Figure 3 depict the overall workflow of proposed model in which the system call is collected from the KDD cup 99 dataset are given for the pre-processing stage. Here all the system calls are collected in raw fashion, by using the sliding window mechanism these are pre-processed and are passed for feature selection in which for better optimization we use Particle Swarm Optimization and then passed over to the decision network were using the selected features, neural network (BPN) will process these features into several layer and give the result as system behaves properly or not.
3.1 Dataset Description
For this model for execution, we utilized KDD cup 99 dataset created in MIT Lincoln Laboratories. The Dataset is made by presenting physically produced network-based assaults. Different attacks that can be potentially found in an organization is characterized in a brief form concerning KDD interruption discovery evaluation dataset[6]. System will be analyzed at different levels such as system accuracy, system ability and cost to differentiate abnormal behavior and normal behavior. IDS can work based on either privileged process behavior or user behavior. The privileged processes have the privileges to access and use system resources. All the normal system calls are gathered in the normal trace step. In abnormal trace step, abnormal system call sequences are gathered. Data set of KDD cup 99 is utilized for collecting abnormal and normal traces. The stide, xlock, ps and login processes sequences of system calls are collected from KDD cup 99 data set. The repeated execution of these processes generates system call sequences which are recorded in separate files. Each trace system call sequence contains ten to thousand system calls. These traces are collected while there are no malicious activities. The examples of abnormal processes are iprcp, buffer overflow, sun sendmailcp etc.

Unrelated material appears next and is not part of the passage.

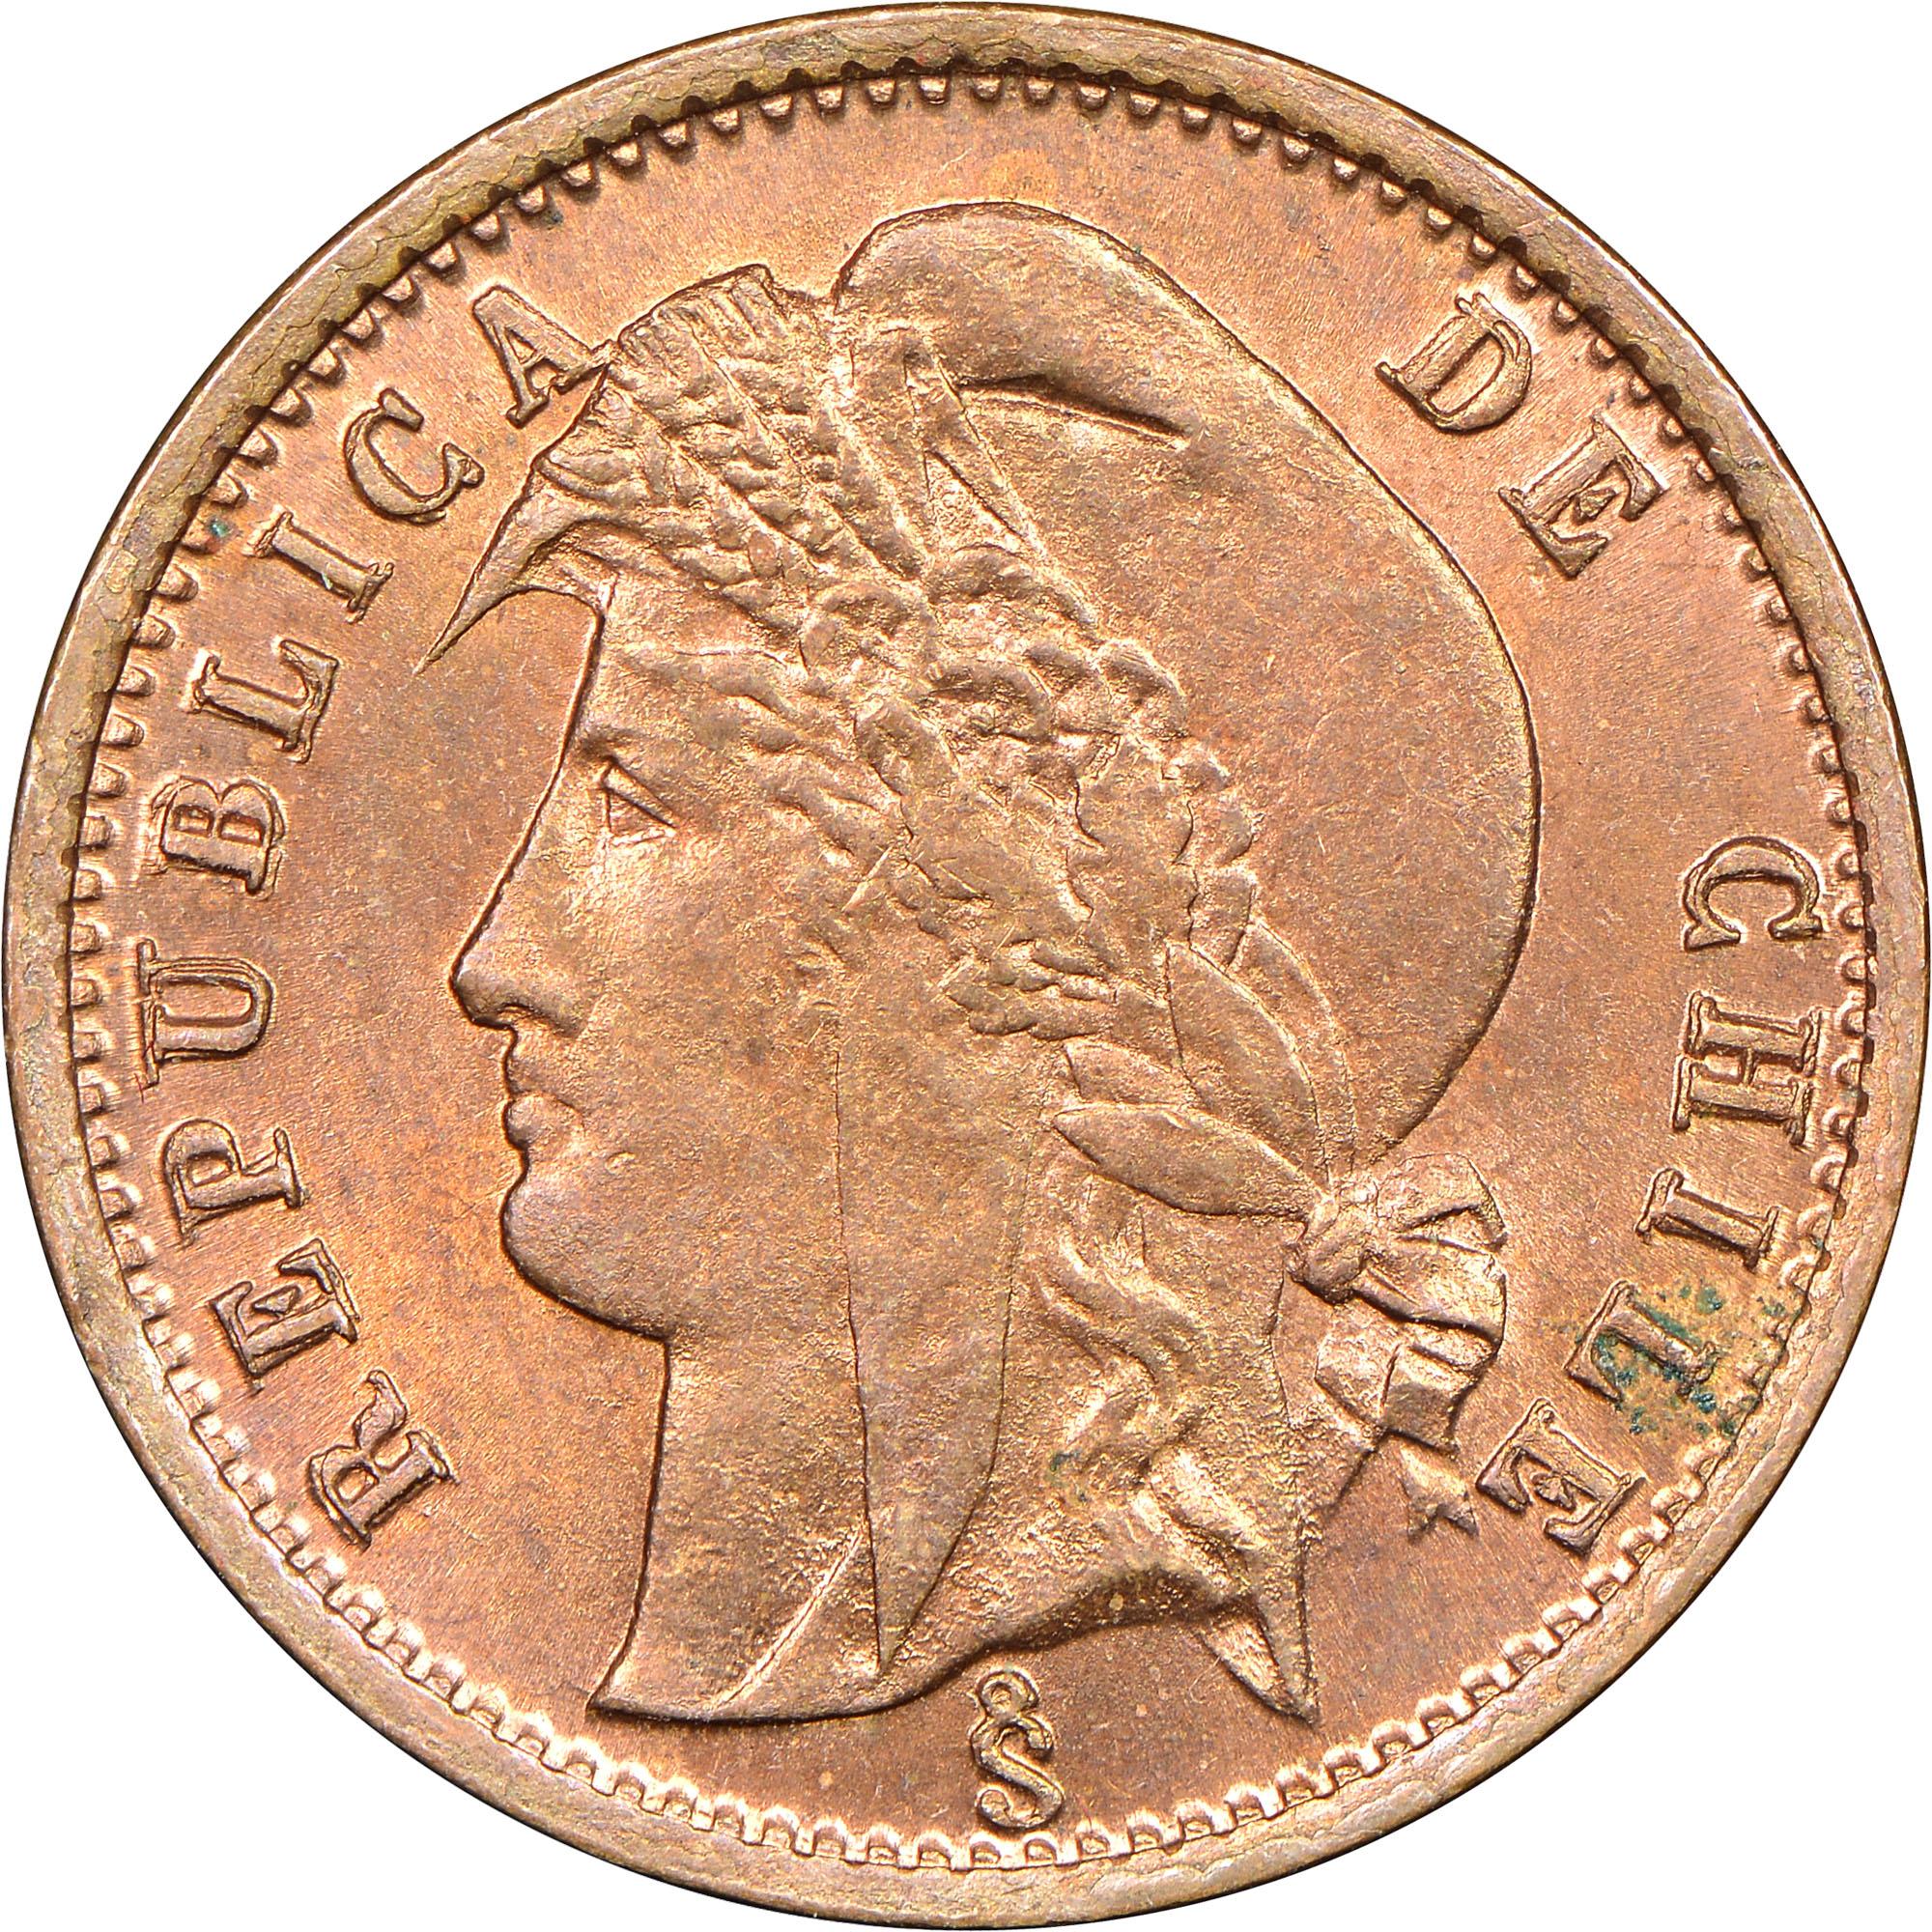 1883-1894 Chile 1/2 Centavo obverse
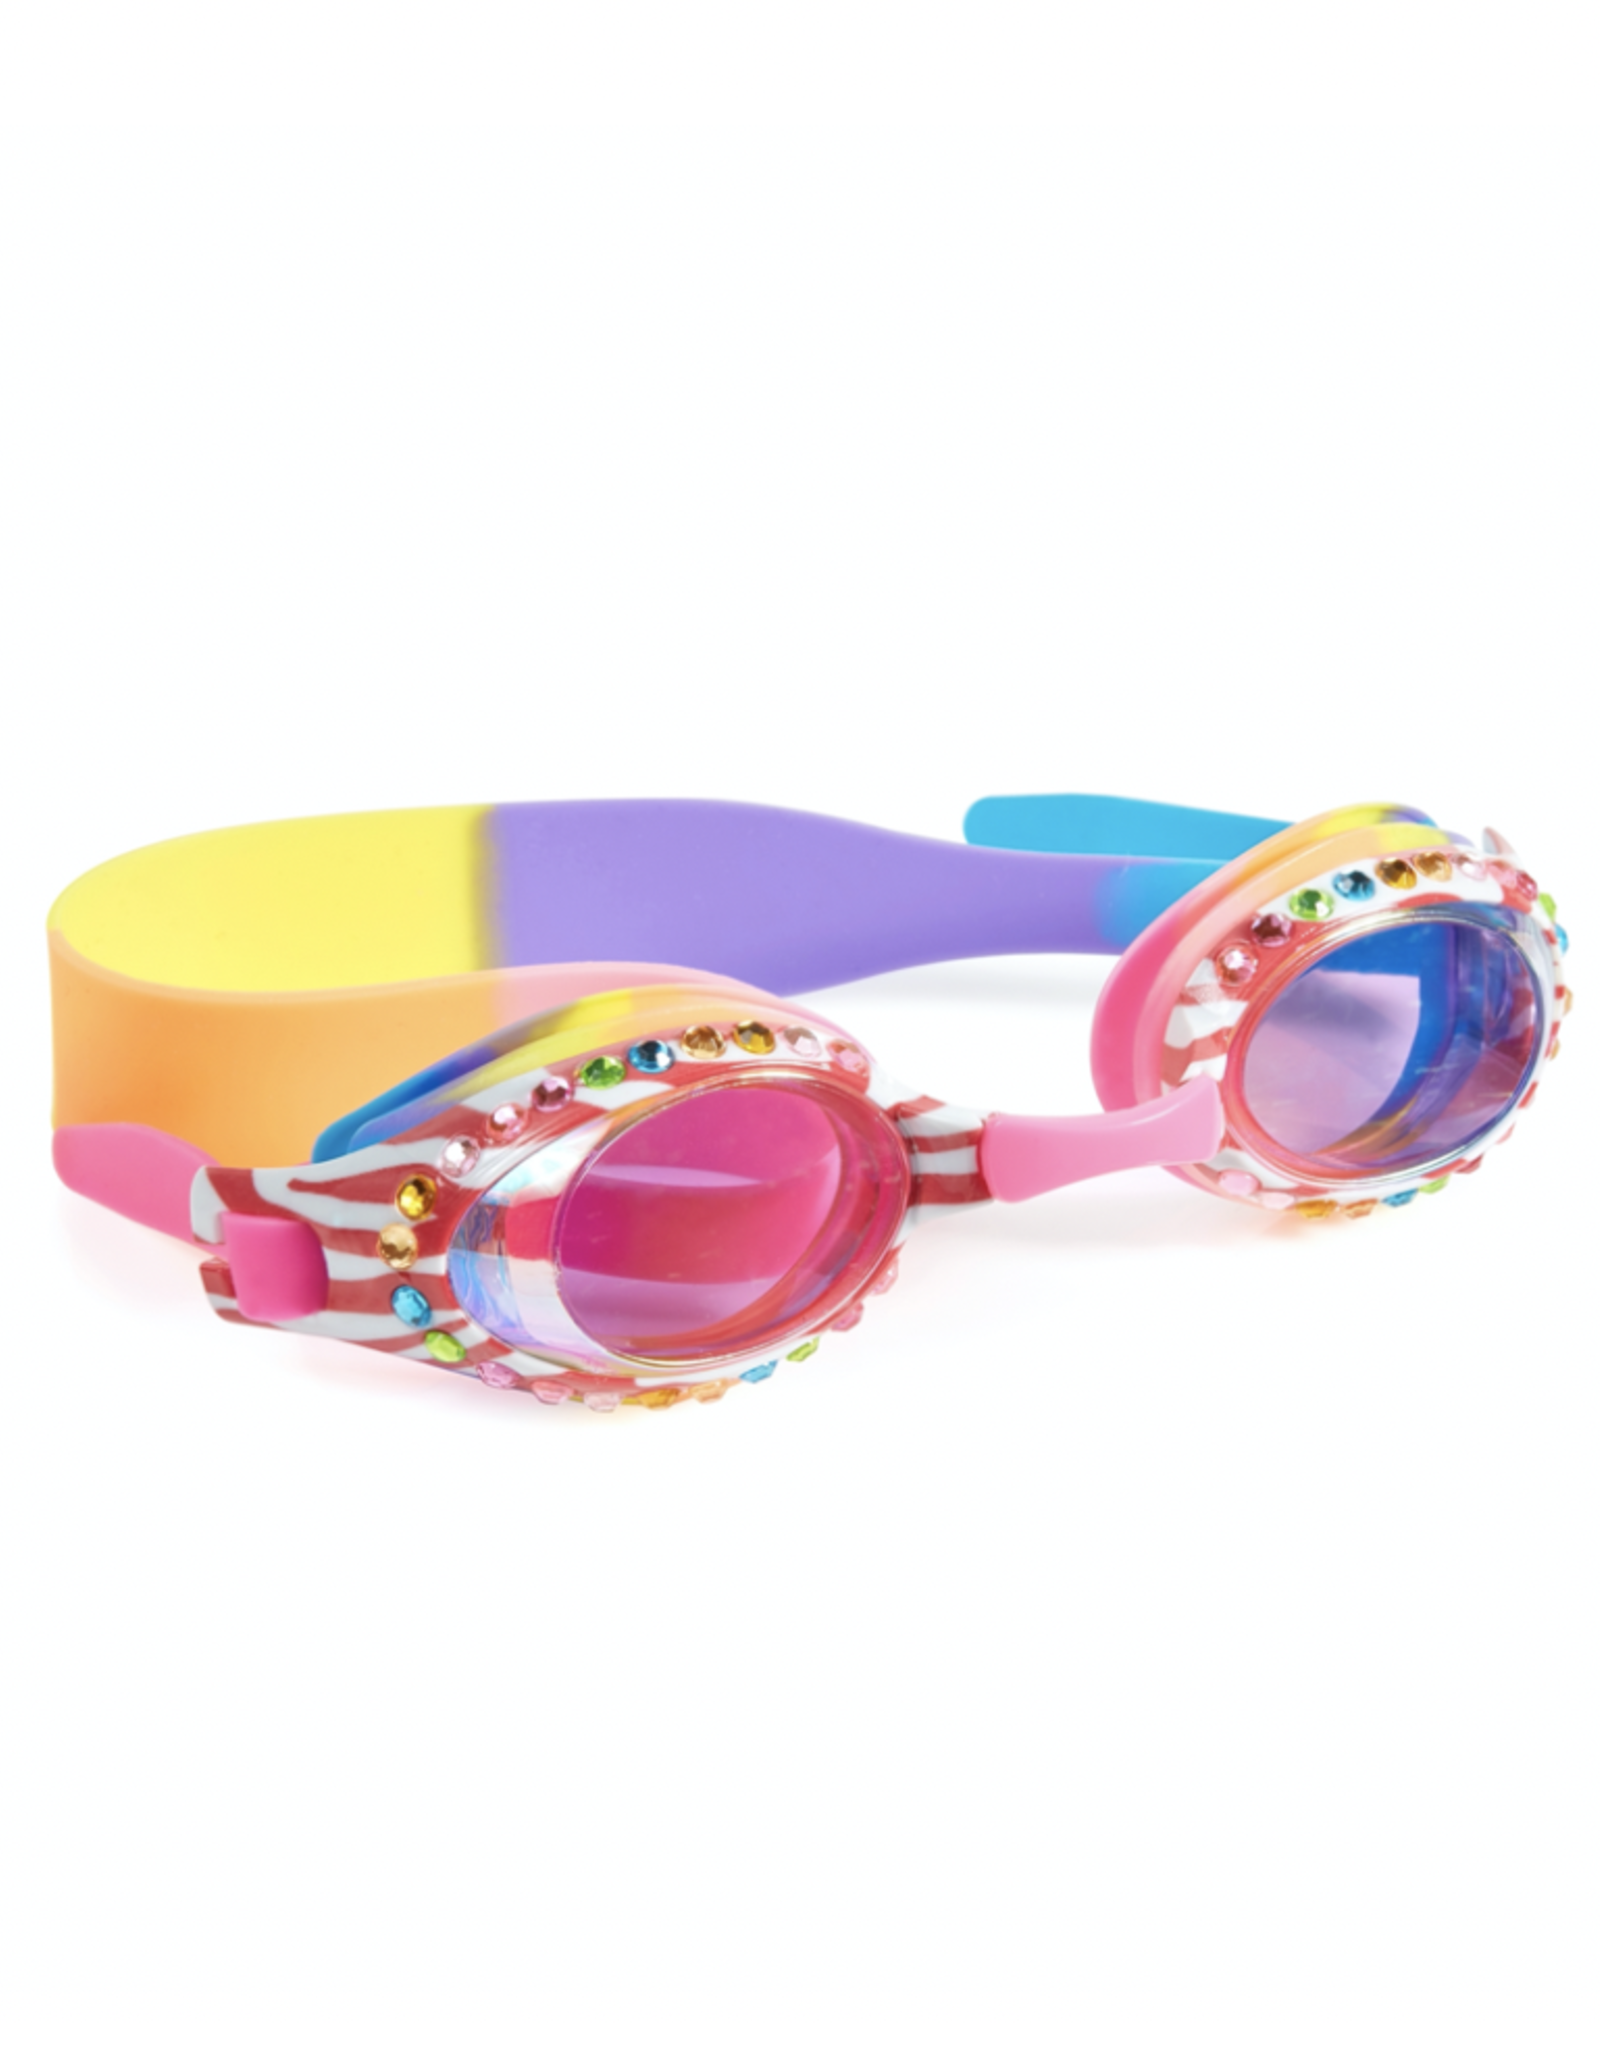 Bling2o Bling2o Goggles - Zebra Fruit Loop Pink

Another example is Syslog attack. It uses the interfaces like syslog which makes buffer overflow in send mail. Intrusion traces contains three sunsendmailcp attacks, forwarding loops five error conditions, two traces of syslog-local attacks, the syslog-remote attacks of two traces, and an attacks of decode two traces. Each trace contains two attributes: process ID and a system call value. The process ID is used to identify the specific system call. An abnormal process will not have the sequences of normal system calls (Figure 4). The current sequence of system calls can be compared with the sequence of normal system calls stored and deviations can be detected[7][8].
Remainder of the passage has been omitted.